Lenovo ThinkBook Plus Gen 2 Review

Design
Features
Value

Summary

The Lenovo ThinkBook Plus Gen 2 brings dual displays in an attempt to offer a closed-lid experience for reading, note-taking, and managing the day. Unfortunately, the price doesn’t justify an investment in a computer that doesn’t yet deliver what it promises.

3.7

Sometimes a company creates a computer design that challenges convention. Lenovo does this often. A recent leak, for instance, showed a ThinkBook with a tablet installed alongside the keyboard. Sometimes designs ship, sometimes they do not. At CES in 2019, I saw a notebook computer in the Lenovo lounge with a built-in e-ink display on its lid. I immediately wanted one. Well, it took some time, but I have now spent the last month with the Lenovo ThinkBook Plus Gen 2, a device I think, was built for writers, but it will take a Gen 3 to perfect the design.

What we like

The Lenovo ThinkBook Plus Gen 2 does not offer the highest of speeds, the most ports, or the biggest screen. It does, however, offer a compelling value proposition for students and writers focused on writing, reading, and posting content. Unlike convertible laptops that permit scrawling across the main display, the Gen 2’s dual-screen configuration supports a full PC experience on its main display, with reading, and note-taking, and more, available when the lid is closed.
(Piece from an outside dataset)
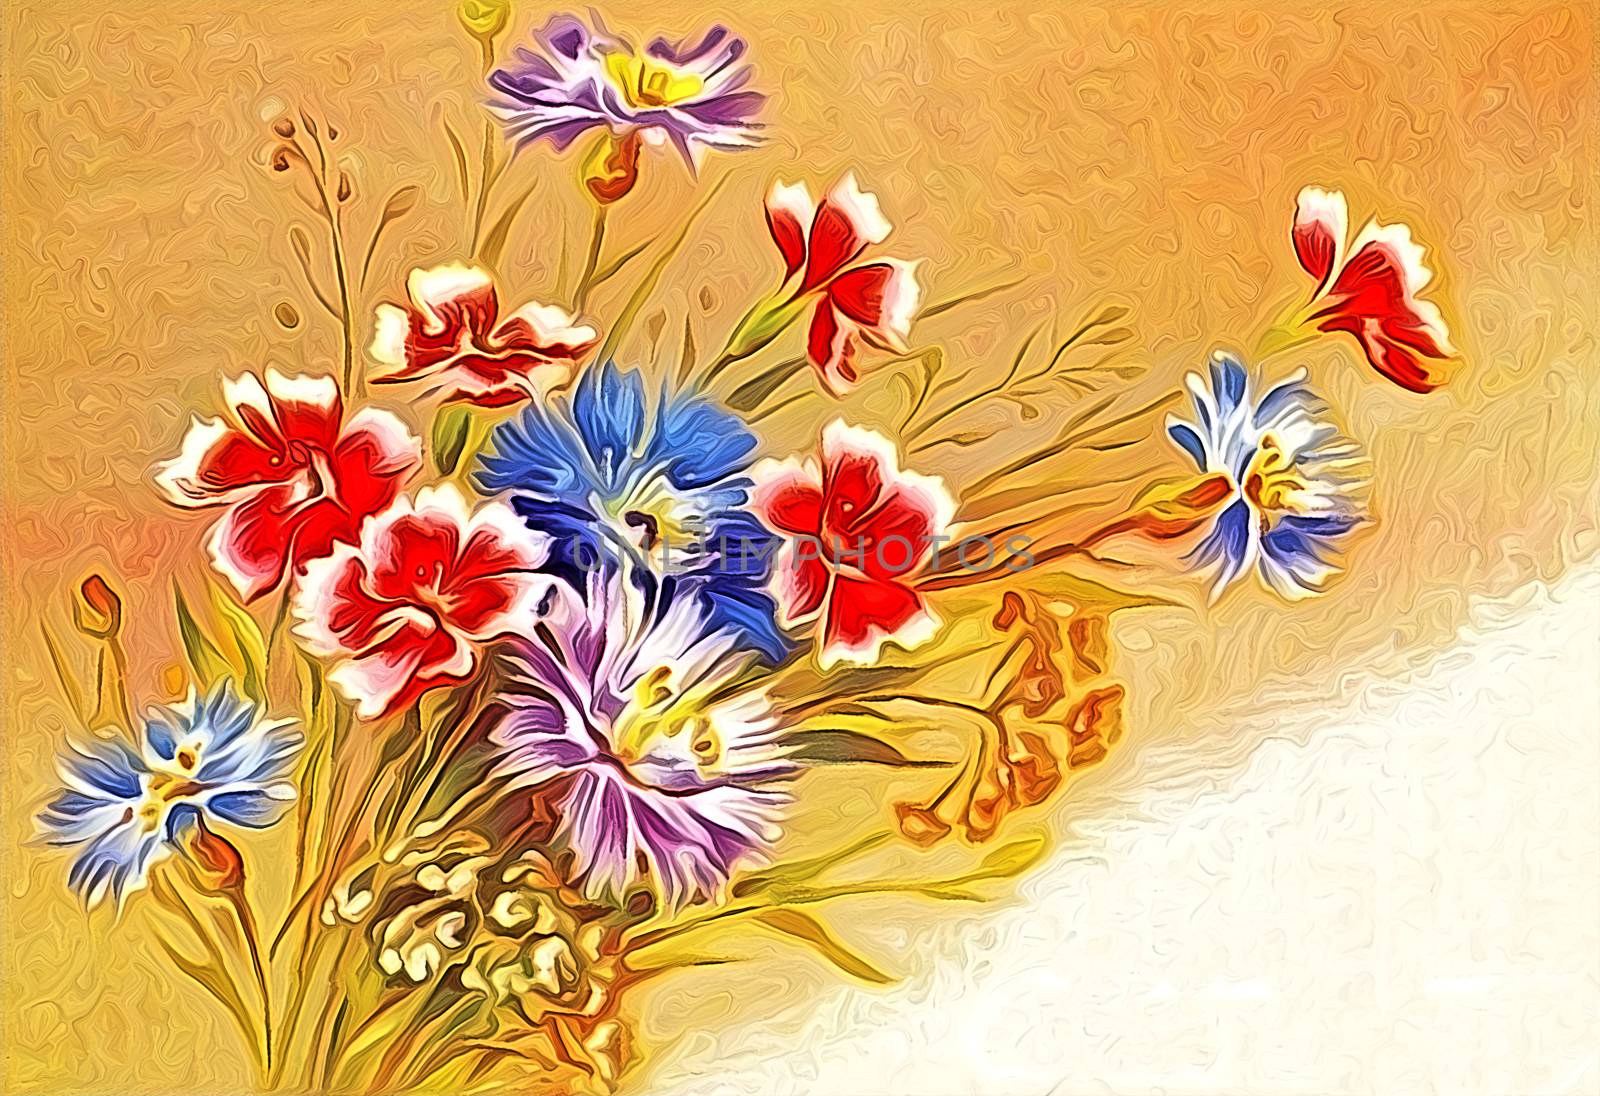 Oil Painting of the beautiful flowers by bormash

The ThinkBook Plus Gen 2 ships with a 13.3″ WQXGA (2560 x 1600) IPS, glossy, touchscreen with Dolby Vision™ sitting bright and clear above a comfortable, nearly edge-to-edge keyboard. At 400nits the screen is bright, and the colors vibrant.

Close the lid and you don’t get a nothing metal, logoed protective cover. No, the ThinkBook Gen 2 delivers a 12.0″ WQXGA (2560 x 1600) e-Ink, glossy, touchscreen that mimics the resolution of the internal display. This feature challenges assumptions about what people need to carry, or even own. With the ThinkBook Gen 2 it could be argued that this is enough computer to replace a companion tablet of any kind, be it an Apple iPad or an Amazon Kindle, or both.

The argument for Kindle certainly makes sense, as the display easily supports the Kindle Windows app, as it does a variety of PDF readers. And the pen interface supports various forms of annotation. But as you will read in the “What needs to be improved” section of this review, the display does not match the Kindle reading experience because of its lack of backlighting.

As for its positioning against the iPad, probably not for more. While the secondary display certainly supports use cases like taking notes and reading, it does offer a great experience when switching between those use cases.

The e-ink panel comes into play when the lid closes, offering three choices, putting the device to sleep, hibernating it, or using the-ink screen. In e-ink mode, customizable widgets offer portals into cloud and PC data, including Outlook, news, and other items. Tap an icon along the bottom of the display to invoke a drawing, reading, or note app. If the device enters sleep mode, a single button  (a circle) at the top of the lid wakes the display and requires fingerprint authentication.

All authentication on the Gen 2 takes place via the fingerprint reader. The camera is not Windows “Hello”-compatible.

While I like the e-ink panel, it will only be a real boon to people who consider their use cases ahead of purchase. Writers and students appear the most likely candidates to figure out how to integrate the ThinkBook Gen 2 into their workflows.

With writers and students in mind, the keyboard is well-spaced for a small laptop. It brings good backlighting, though key travel is a bit shallow. I would have no issue typing on this device all day when traveling.

One of the features I really enjoyed testing was turning the e-ink panel into a graphics tablet for drawing, retouching, or whiteboarding. Close the lid and the e-ink display becomes a graphics tablet.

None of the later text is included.